◆ **Work task**:
Using the data below, set down every line from the one containing "Nike Zoom Freak" through the one containing "Cinebench R23", inclusive and unchanged. Pictures are to be skipped.

[[ Excerpted records, beginning ]]

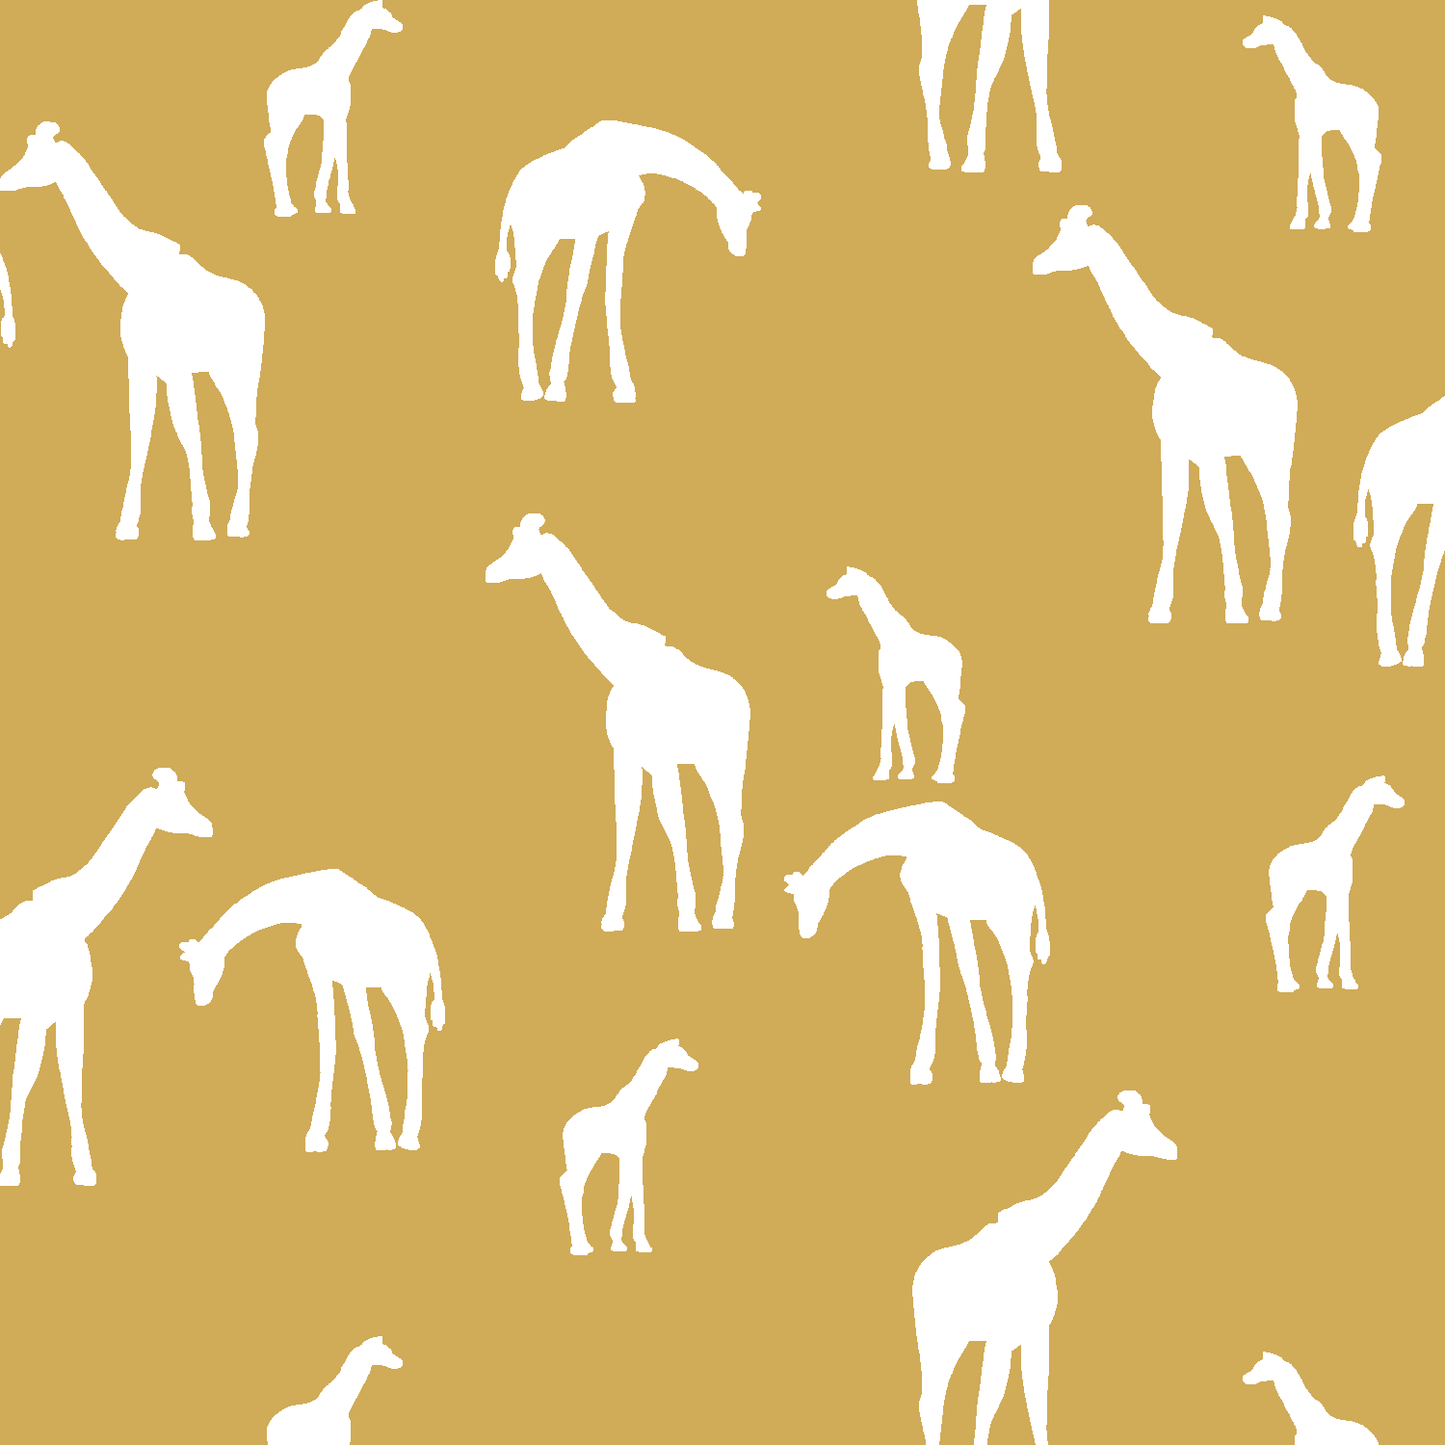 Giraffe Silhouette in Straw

[[ Excerpted records, end ]]
[[ Excerpted records, beginning ]]

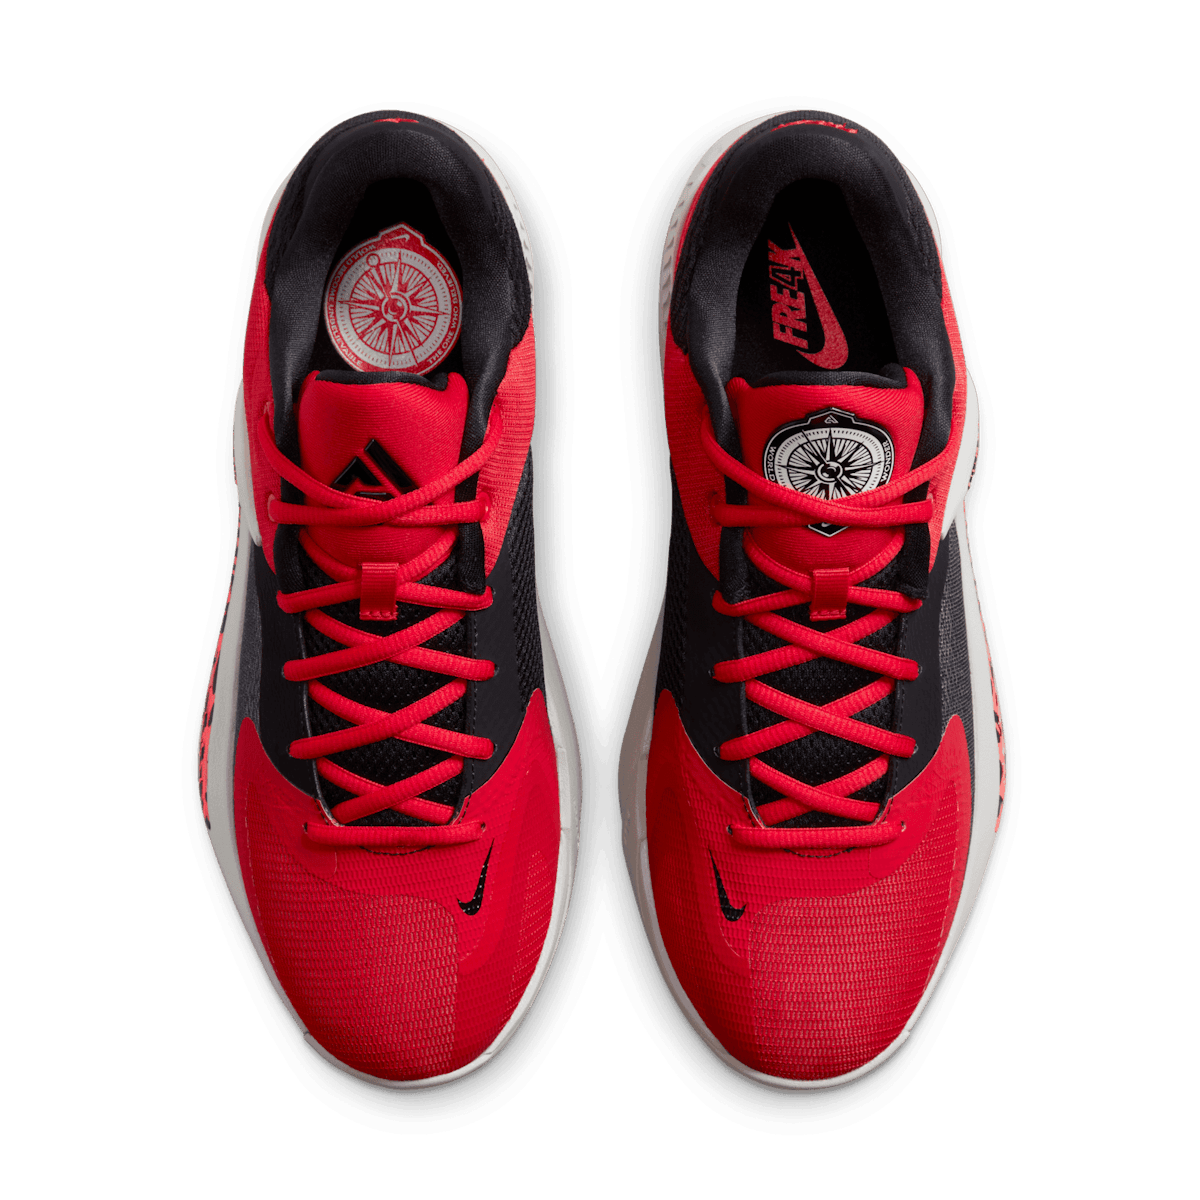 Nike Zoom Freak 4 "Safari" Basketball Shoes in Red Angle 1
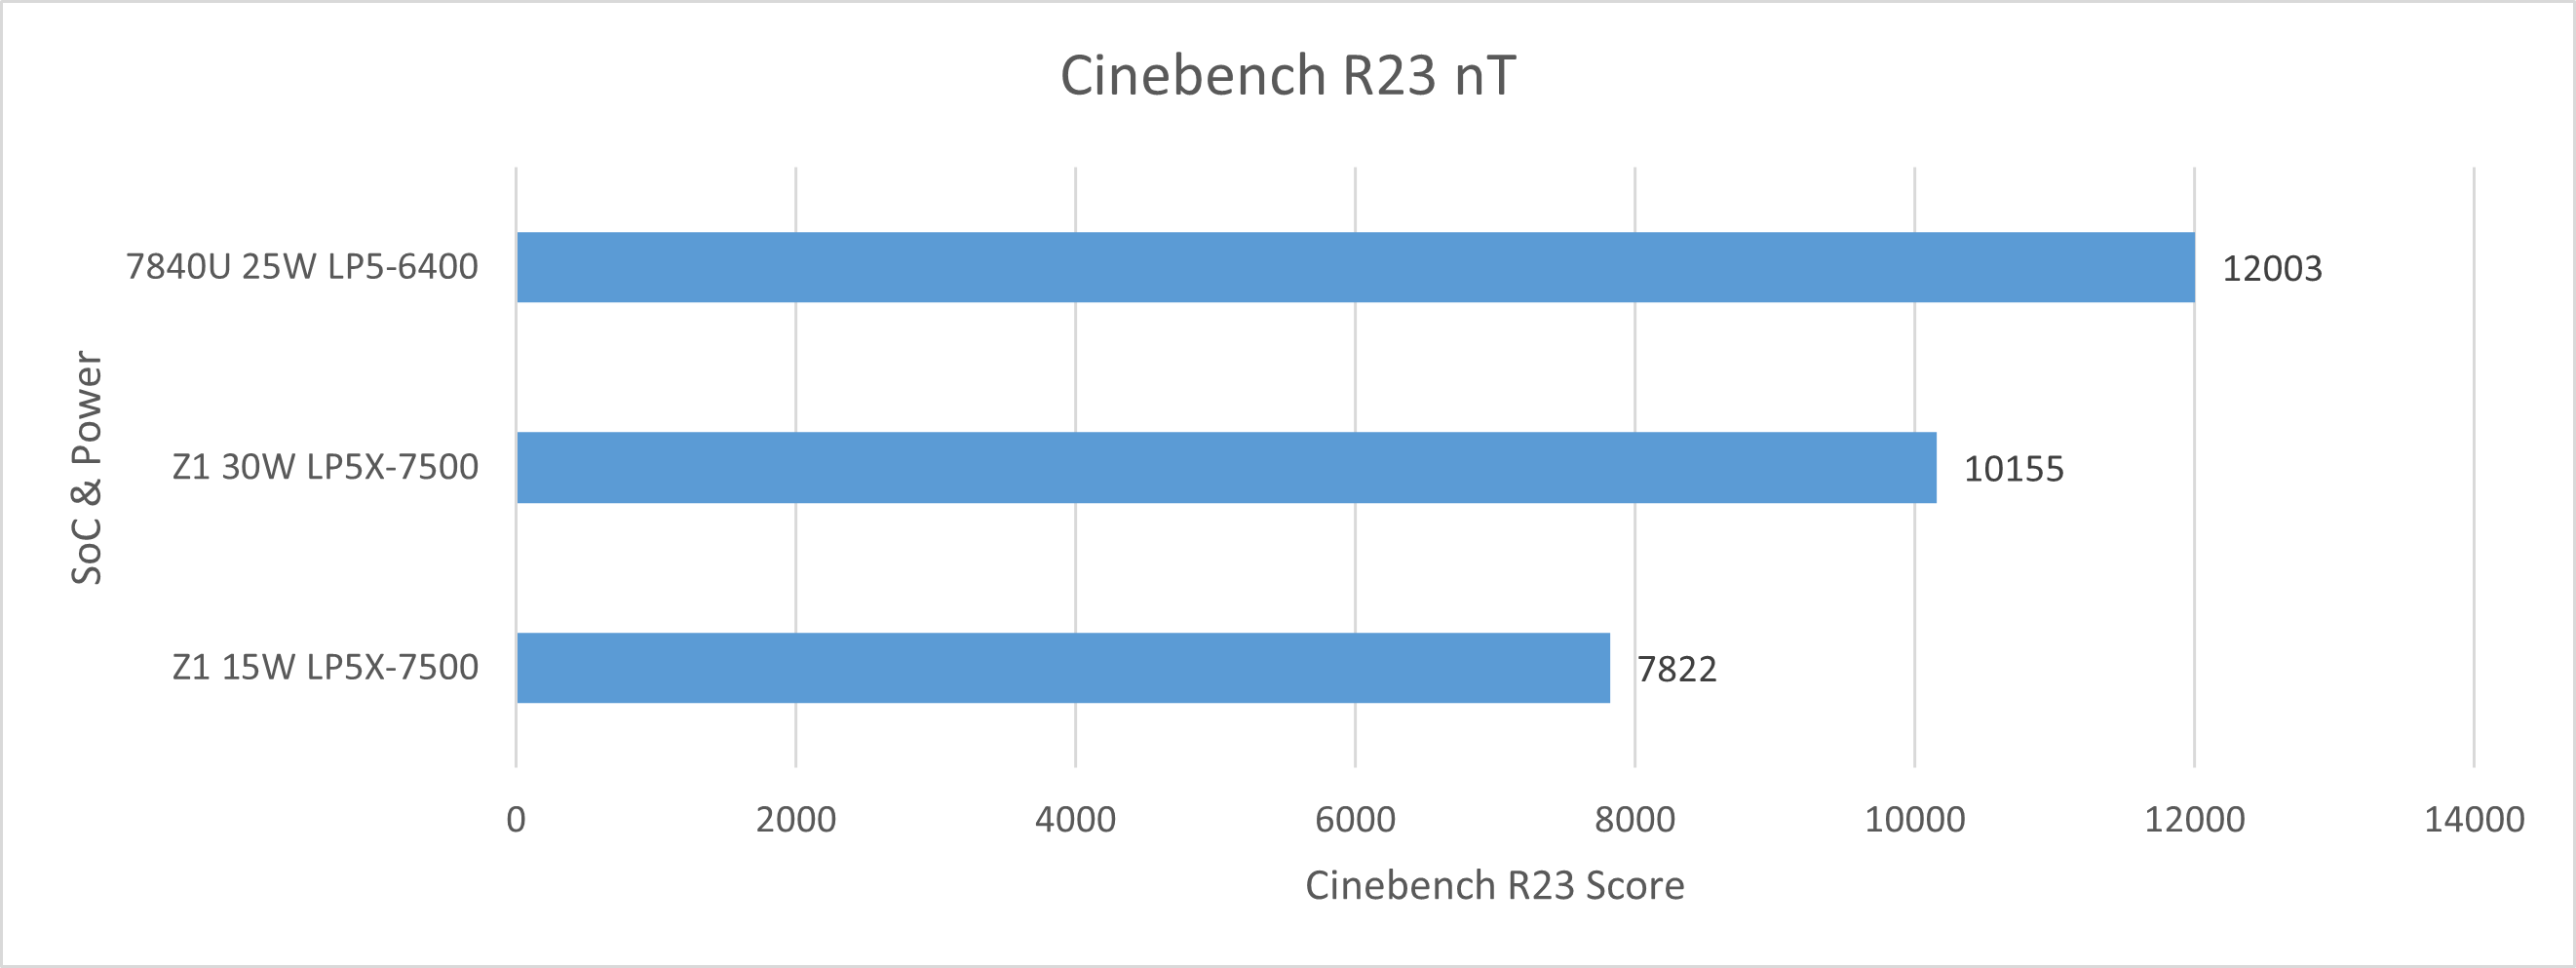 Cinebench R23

[[ Excerpted records, end ]]
[[ Excerpted records, beginning ]]

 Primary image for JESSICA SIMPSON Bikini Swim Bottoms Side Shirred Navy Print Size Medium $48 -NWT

[[ Excerpted records, end ]]

◆ **Solution to the exercise**:
 Nike Zoom Freak 4 "Safari" Basketball Shoes in Red Angle 1
 Cinebench R23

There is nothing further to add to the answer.